## Given material:

--------------------------------------------------

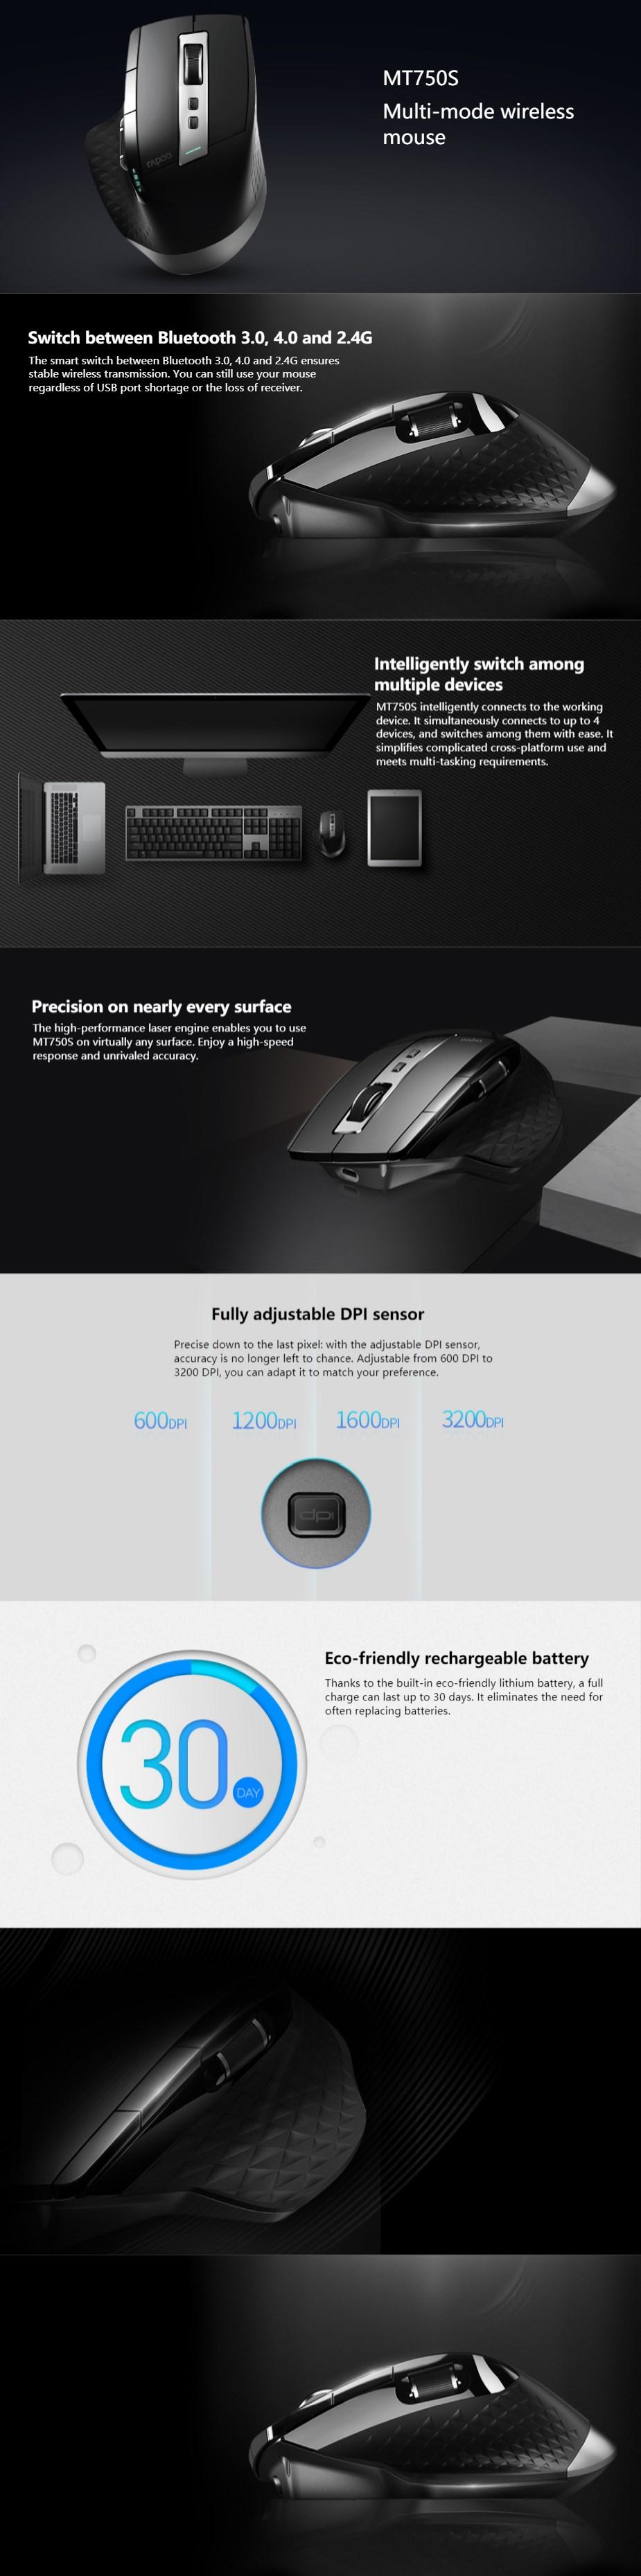 rapoo-mt750s-wireless-bluetooth-laser-mouse-ac26656.jpg
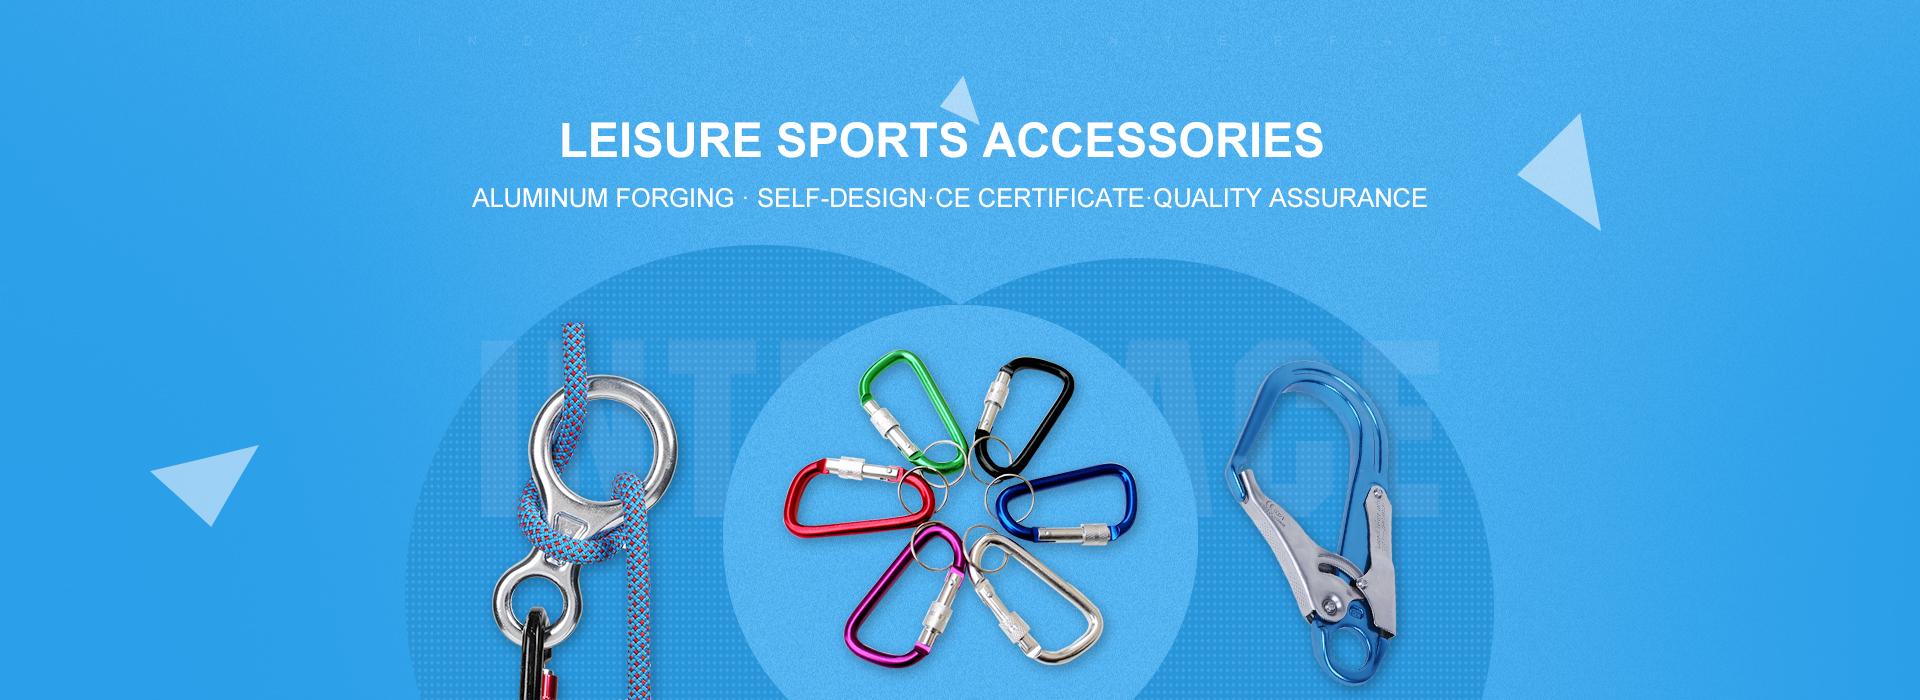 Leisure Sports Accessories
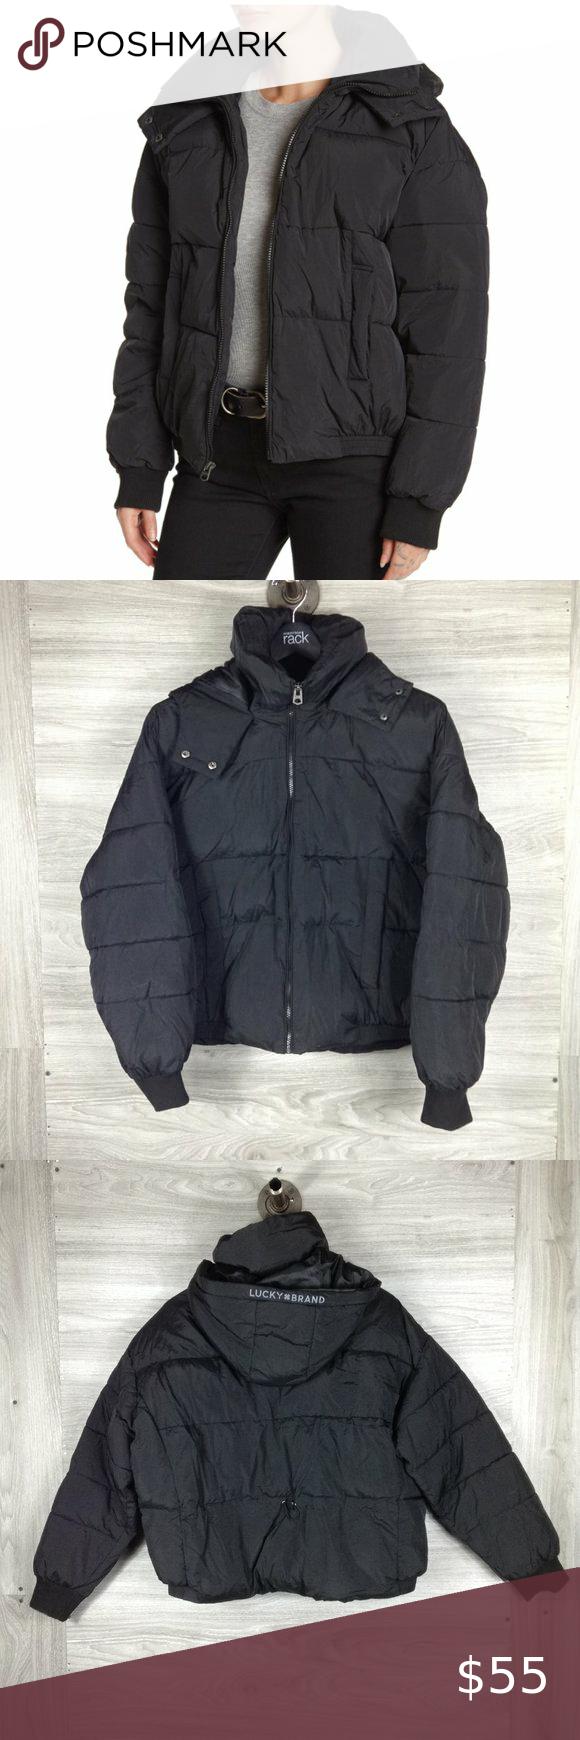 Lucky Brand Black Missy Short Puffer Jacket Short Puffer Jacket Puffer Jackets Lucky Brand [ 1740 x 580 Pixel ]

--------------------------------------------------

## The problem:
Make an exact reproduction of the listing above, without any pictures.

## Response box:
 rapoo-mt750s-wireless-bluetooth-laser-mouse-ac26656.jpg
 Leisure Sports Accessories
 Lucky Brand Black Missy Short Puffer Jacket Short Puffer Jacket Puffer Jackets Lucky Brand [ 1740 x 580 Pixel ]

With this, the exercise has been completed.